In terms of the second stage of contemplation, once the eye of the soul has been purified by such considerations, we no longer abide within our own spirit in a sense of sorrow, but abide rather in the Spirit of God with great delight. No longer do we consider what is the will of God for us, but rather we consider and contemplate God’s will all by itself and don’t even consider its implications for us or how it affects us. Our life is already buried deep within in his will, as if God’s will and our will are fused together. Thus we are convinced that what is according to his will is in every way more advantageous and fitting for us. And so, concerned as we are to preserve the life of our soul, we become equally concerned, insofar as we can, not to deviate from His will.
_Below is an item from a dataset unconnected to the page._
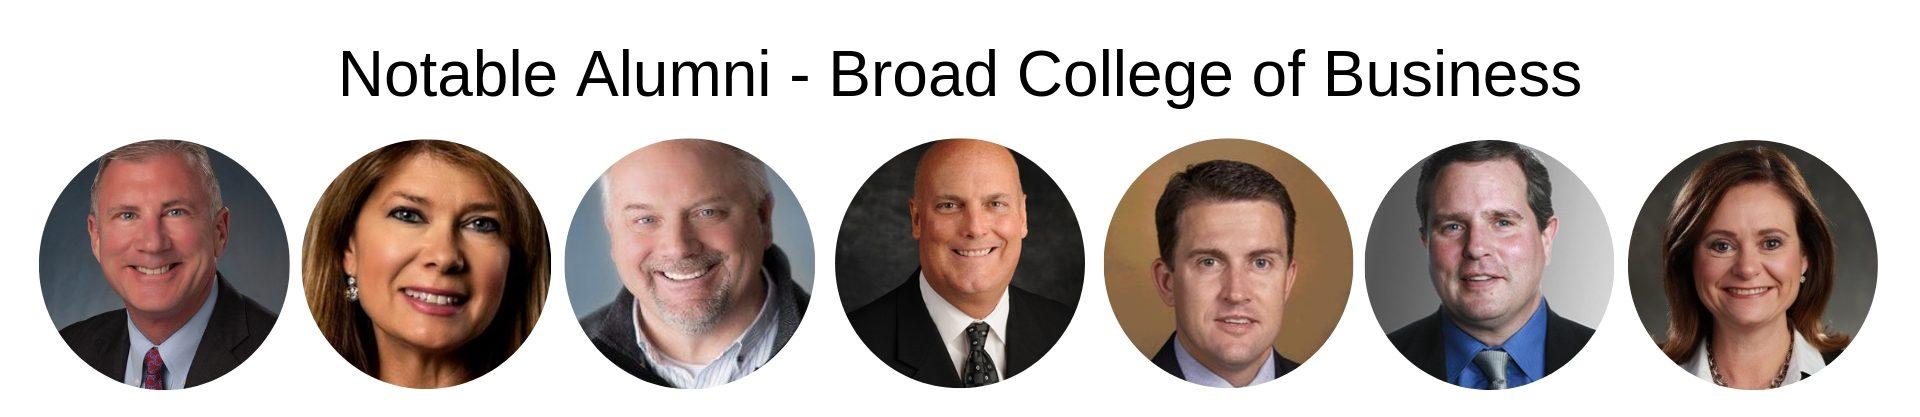 MSU MBA - Eli Broad College of Business - MSU MBA - Notable Alumni

The whole of the spiritual life consists of these two elements. When we regress and start focusing and thinking of ourselves again, we are perturbed and filled with a salutary sadness. And when we turn our thoughts and gaze back on the Lord again, we are revived to find consolation in the joy of the Holy Spirit. From the first we derive fear and humility, from the second hope and love.

 

Here are two points to take out of St. Bernard’s homily, especially when you experience doubt, despair and inner turmoil in your temporal life, in your spiritual life or in your prayer life:

  1. It’s OK to feel lousy in those moments.
  2. When you experience doubt, despair and inner turmoil in your temporal life, in your spiritual life or in your prayer life, you are not necessarily doing something wrong; you might be doing something right.
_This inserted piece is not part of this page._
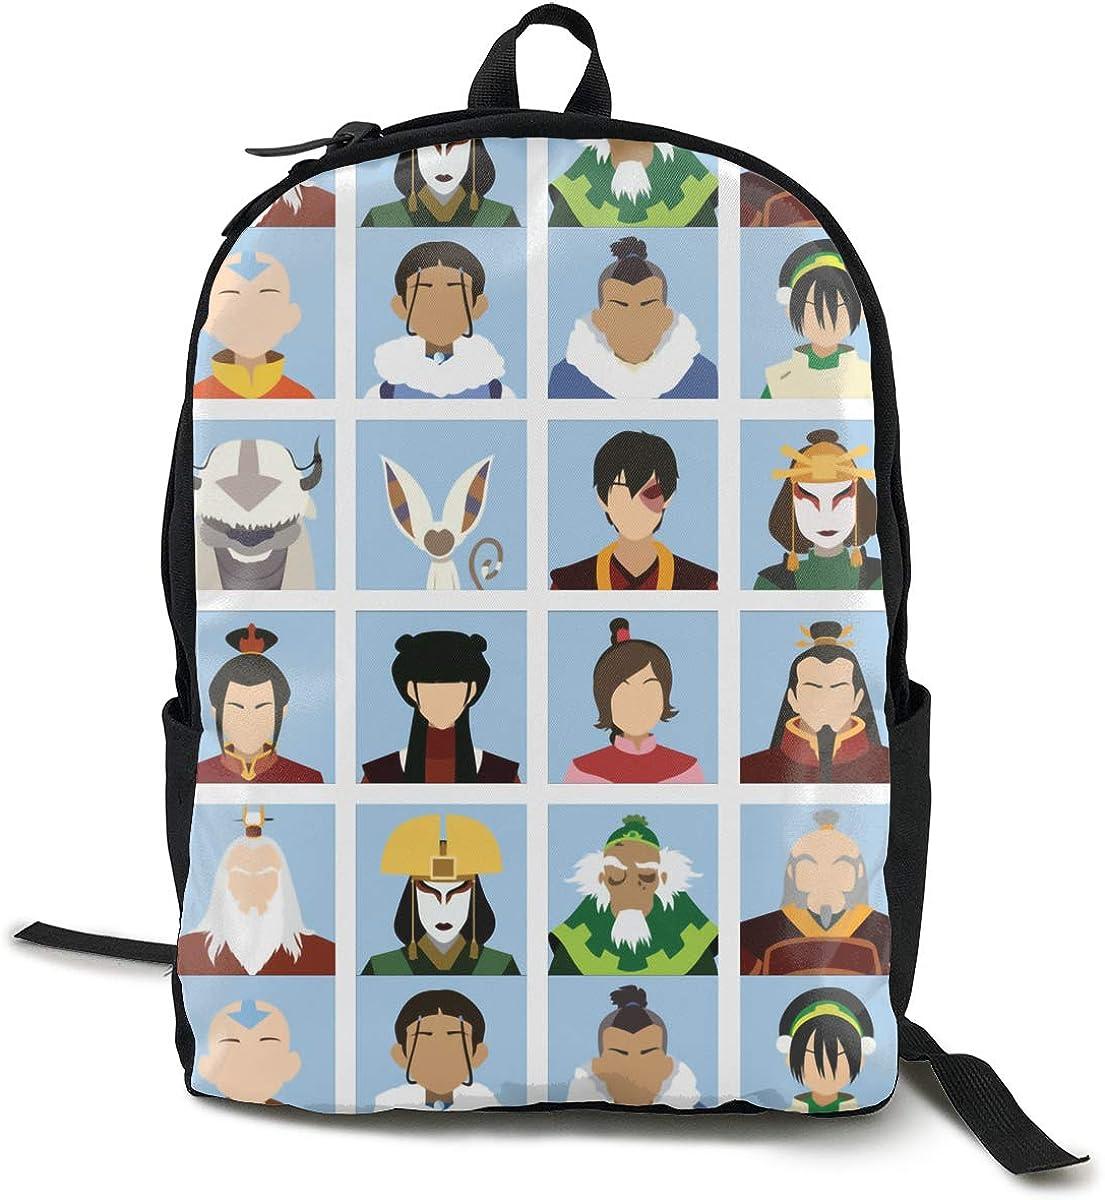 Classic Worlde Backpack Bag Avatar Last Air-ben-der Large Capacity Novelty Laptop Bag For Kids Women Men

What’s the goal? Getting to a point where you can allow God to do, what He wishes to do, in your life. And what might that look like concretely? To answer that, in closing, let’s turn to a book by Carmelite Sister, Mary Grace Melcher entitled, Prayer of the Faithful, Intercessions For Mass:

  • For the prophets who must undergo persecution in order to remain faithful to the truth that God has shown them, that they may know that the Lord God is their help and upholds their right.
  • That we may learn to think as God does, following the example of Jesus, willing to lose our lives for Him and for the Gospel, in order to receive life in abundance from the Father’s hands.
  • For the gift of faith that expresses itself in good works; so that the poor, the sick, the imprisoned and the grieving may be relieved through our loving deeds.